| Por Steven Ellison

¿Quién es Esta Santa a la Que el Señor Ama Tanto?

Un Postulante Carmelita Reflexiona Sobre Santa Teresita y el Recorrido de Sus Reliquias

Mi primer recuerdo de ver con claridad, aunque solo a medias, a Santa Teresita fue durante una Misa a la que asistí en el Monasterio Carmelita de Mount Saint Joseph en San José. Era otoño de 2023, y yo era un seminarista recién llegado al Seminario de San Patricio de la Diócesis de Oakland. Nunca olvidaré cómo el Señor me conmovió a través de ella ese día. Bastó una sola mirada hacia su imagen en la capilla para que mi corazón se llenara de un amor divino por ella, y me invadiera una profunda emoción hasta las lágrimas.

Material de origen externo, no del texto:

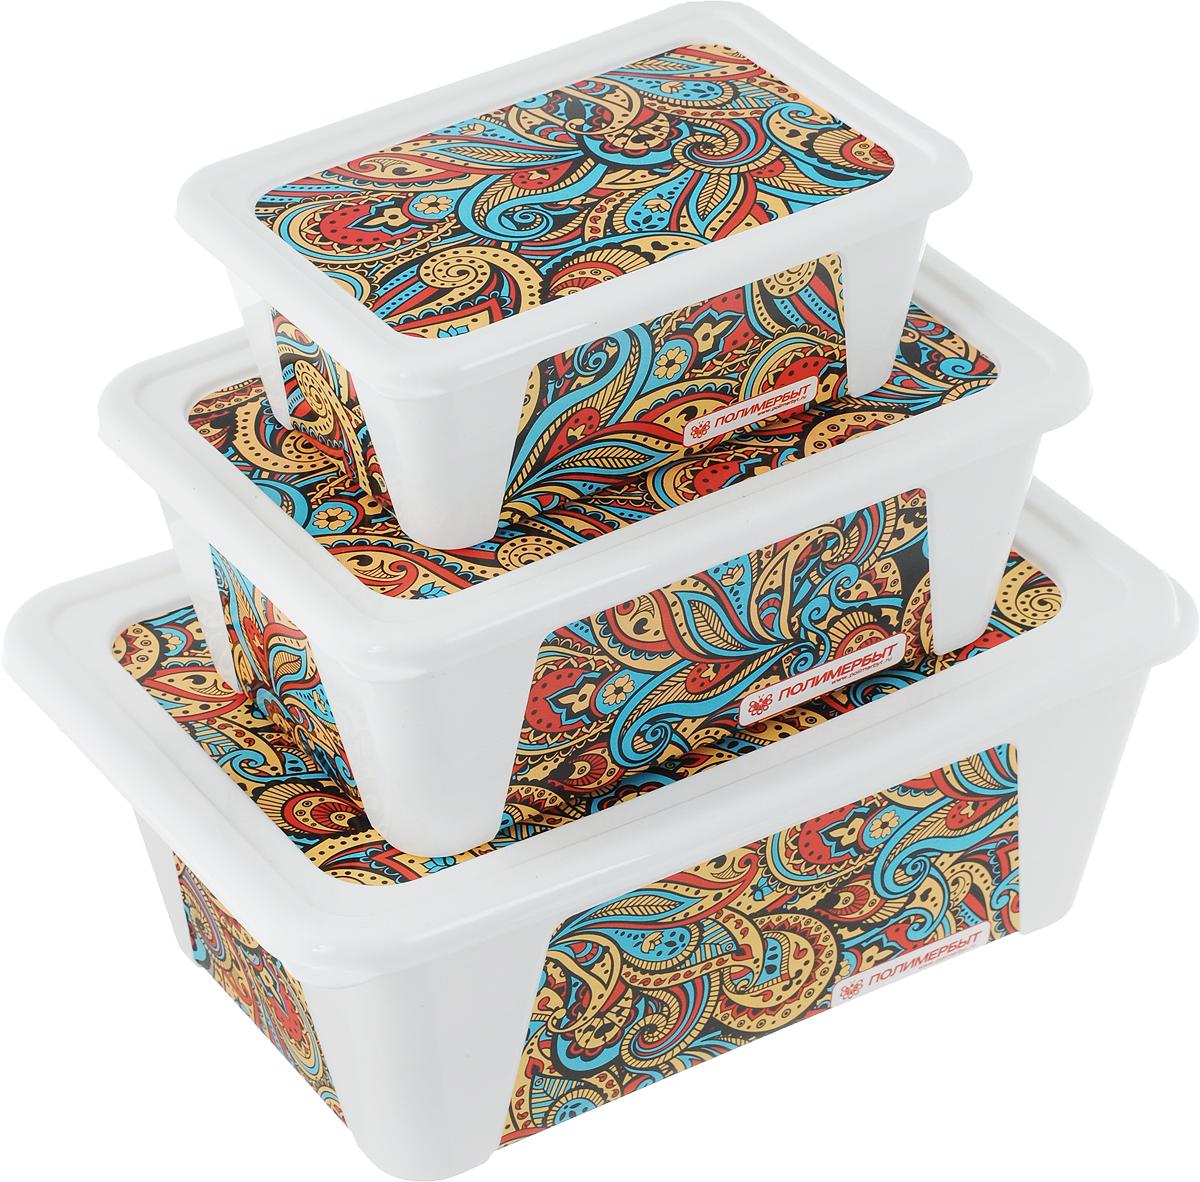 Набор контейнеров для хранения Полимербыт Пейсли, 3 штSGHPBKP75Набор Полимербыт Пейсли состоит из трех контейнеров, которые выполнены из пластика и оформлены оригинальным рисунком. Изделие подойдет как для хранения канцелярии, так и для хранения швейных принадлежностей. Размеры контейнеров: 22 х 15 х 8,5 см; 18 х 12,5 х 7 см; 14 х 9,5 х 5 см. Объём контейнеров: 1,65 л, 900 мл, 400 мл.
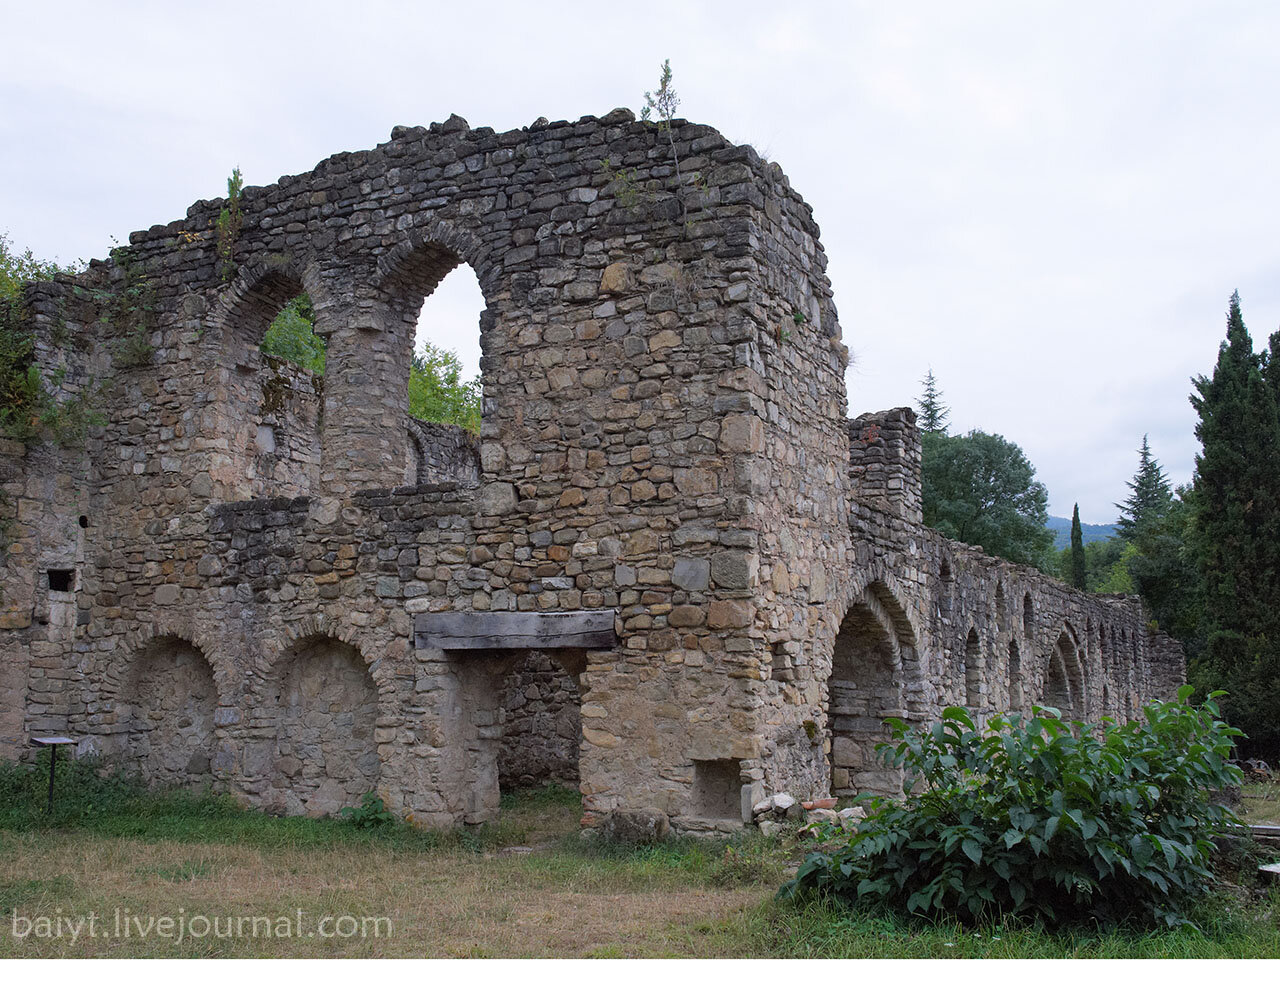 Руины академии в монастыре Икалто. Общий вид.

Mi reacción me sorprendió tanto que le pregunté al Señor en mi corazón: “¿Quién es ella para mí para que la ame de esta manera?” Durante toda la Misa en el Monasterio Carmelita, incluso una simple mirada hacia su imagen amenazaba con hacerme llorar. Cuando terminó la Misa y me atreví a mirar de nuevo el rostro de Santa Teresita, me sentí nuevamente abrumado por el afecto, las lágrimas y un profundo amor.

Le pregunté de nuevo al Señor: “¿Por qué la amo tanto?” Fue como si el Señor me dijera en mi corazón: “Este no es tu amor por Teresa, sino el mío.” A partir de esa revelación impactante, comprendí la verdad y le recé a Teresita: “Si el Señor te ama tanto, entonces yo también debo amarte.” Ese día, salí del Monte Saint Joseph con su libro, Historia de un Alma, en la mano.

Ese encuentro con el amor del Señor a Santa Teresita me llevó a un camino que culminó con mi ingreso a la Orden de los Carmelitas Descalzos (OCD) aquí en San José el verano pasado. Fue un momento oportuno, ya que tuve la dicha de presenciar la visita de sus reliquias a la Diócesis de San José en octubre del año pasado. En el evento, fui testigo de cómo cientos de personas acudieron a venerar sus reliquias. Su devoción interior se manifestaba a menudo a través de lágrimas, postraciones y besos reverentes a la reliquia. Fue realmente conmovedor ver cómo una monja de clausura de 24 años, que murió hace más de un siglo en la lejana Francia, seguía tan viva y presente en una relación eterna con tantas personas, la mayoría de las cuales no se conocían entre sí.

Para mí, y estoy seguro de que para muchos otros, esta fue una verdadera manifestación de Teresa como “el amor en el corazón de la Iglesia.” Todo esto significó muchísimo para mí. Fue como estar con una querida amiga y comprender aún más profundamente cuánto la aprecian tantas personas. En ese momento de veneración —o quizás en una serie de momentos— comprendí con claridad que cada amigo de Teresa es una pequeña flor que ella misma recoge para colocarla en los brazos de nuestro Señor, a quien ama con tanta intensidad; el mismo Señor que la ha amado a ella y a todos nosotros, de manera incomprensible, desde el principio.


Steven Ellison es Postulante de los Carmelitas Descalzos y reside actualmente en el Monasterio de Mount Saint Joseph, en San José. Nació y creció en Filadelfia, Pensilvania, y se mudó al Área de la Bahía en 2016 para trabajar como psicoterapeuta. Se convirtió del Protestantismo al Catolicismo en noviembre de 2021 y recibió el Sacramento de la Confirmación durante la Vigilia Pascual de 2022 en la Catedral de Cristo la Luz en Oakland. Le gusta leer, viajar y disfrutar de la naturaleza.